1) Simple common words
The calculation similarity of the simple common words is calculated by the total character number of the document and the longest document character number, and the calculation result is used for evaluating the similarity by dividing the total character number of the words common to the documents by the longest document character number.
2) Edit distance
The method mainly comprises the steps of calculating the conversion times among character strings, calculating the operation times of converting one character string into another character string, and if the operation times are too large, indicating that the conversion degree is very large, further indicating that the similarity is small, otherwise, indicating that the similarity is large.
3) Cosine similarity
The method mainly comprises the steps of calculating cosine values, reflecting the similarity degree through the degree of an included angle, and if the cosine value of a vector included angle is large, indicating that the similarity degree is low and indicating that the inverse proportion is relatively close.

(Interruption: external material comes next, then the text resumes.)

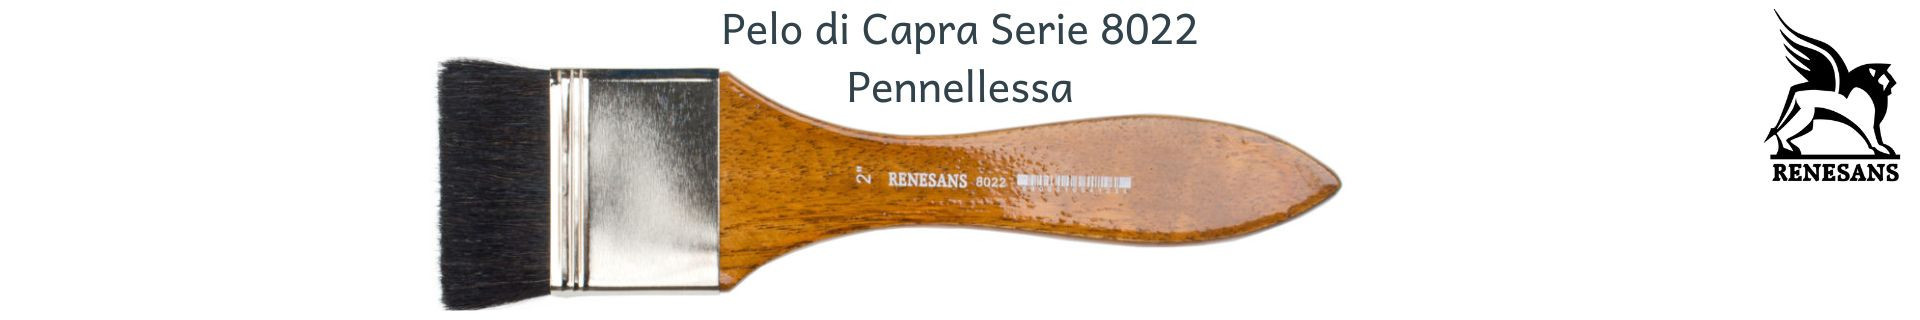 Renesans Pennellessa Serie 8022

4) Jaccard similarity coefficient
The Jaccard similarity calculation is to divide two sentences into two sets respectively through the calculation of the sets, divide the intersection of the sets by the union of the sets, and calculate the relationship between the sets by using the method.

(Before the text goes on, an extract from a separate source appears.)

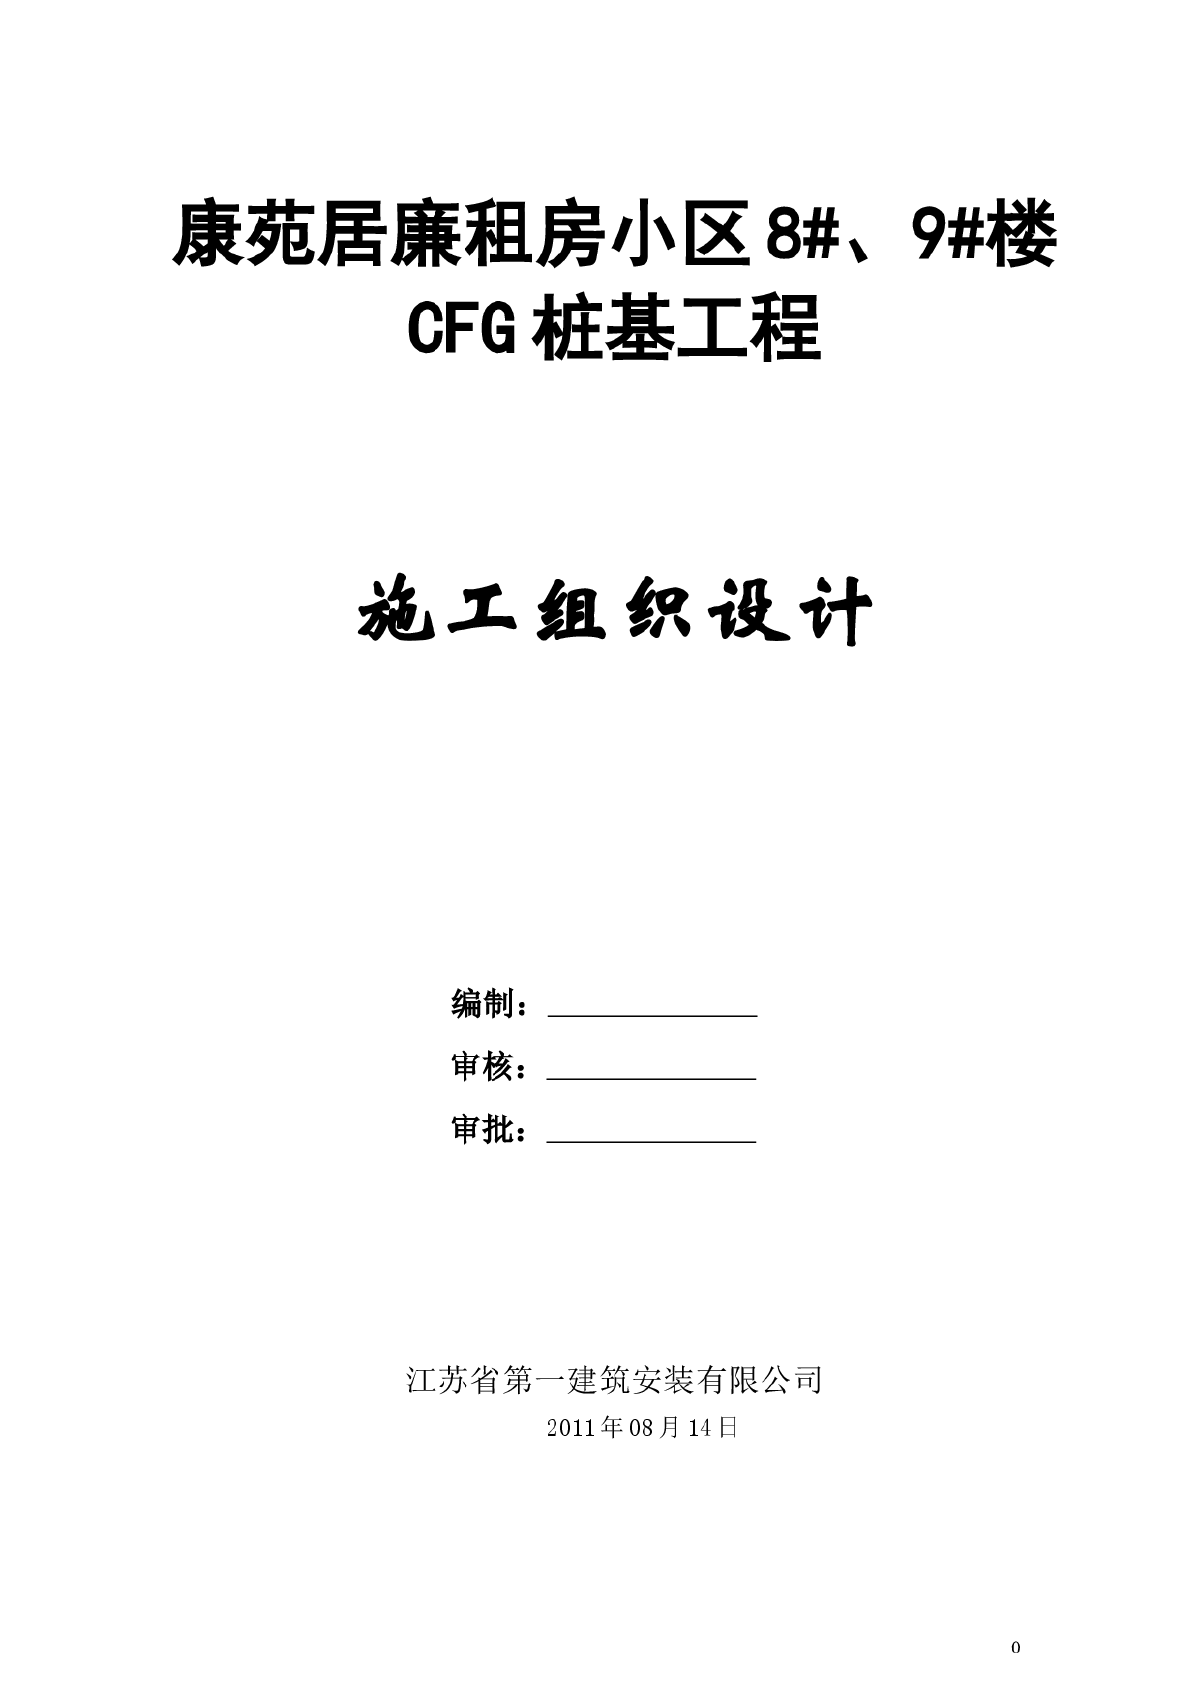 CFG桩基工程施工组织设计-图一

And performing merging operation of the directions in the same field and merging operation of the key technologies in the same direction on the topic by reading the basic direction, the key technologies and the key technology indexes of the subject in the database. And if max exceeds a certain threshold value, the method is considered to be under the subject direction or the key technology and is taken as an alternative item of the subject direction or the key technology. If max does not exceed the threshold, the subject direction and key technology are continuously added under the field and direction.
The above embodiments are only for illustrating the technical solution of the present invention and not for limiting the same, and a person skilled in the art can make modifications or equivalent substitutions to the technical solution of the present invention without departing from the spirit and scope of the present invention, and the scope of the present invention should be determined by the claims.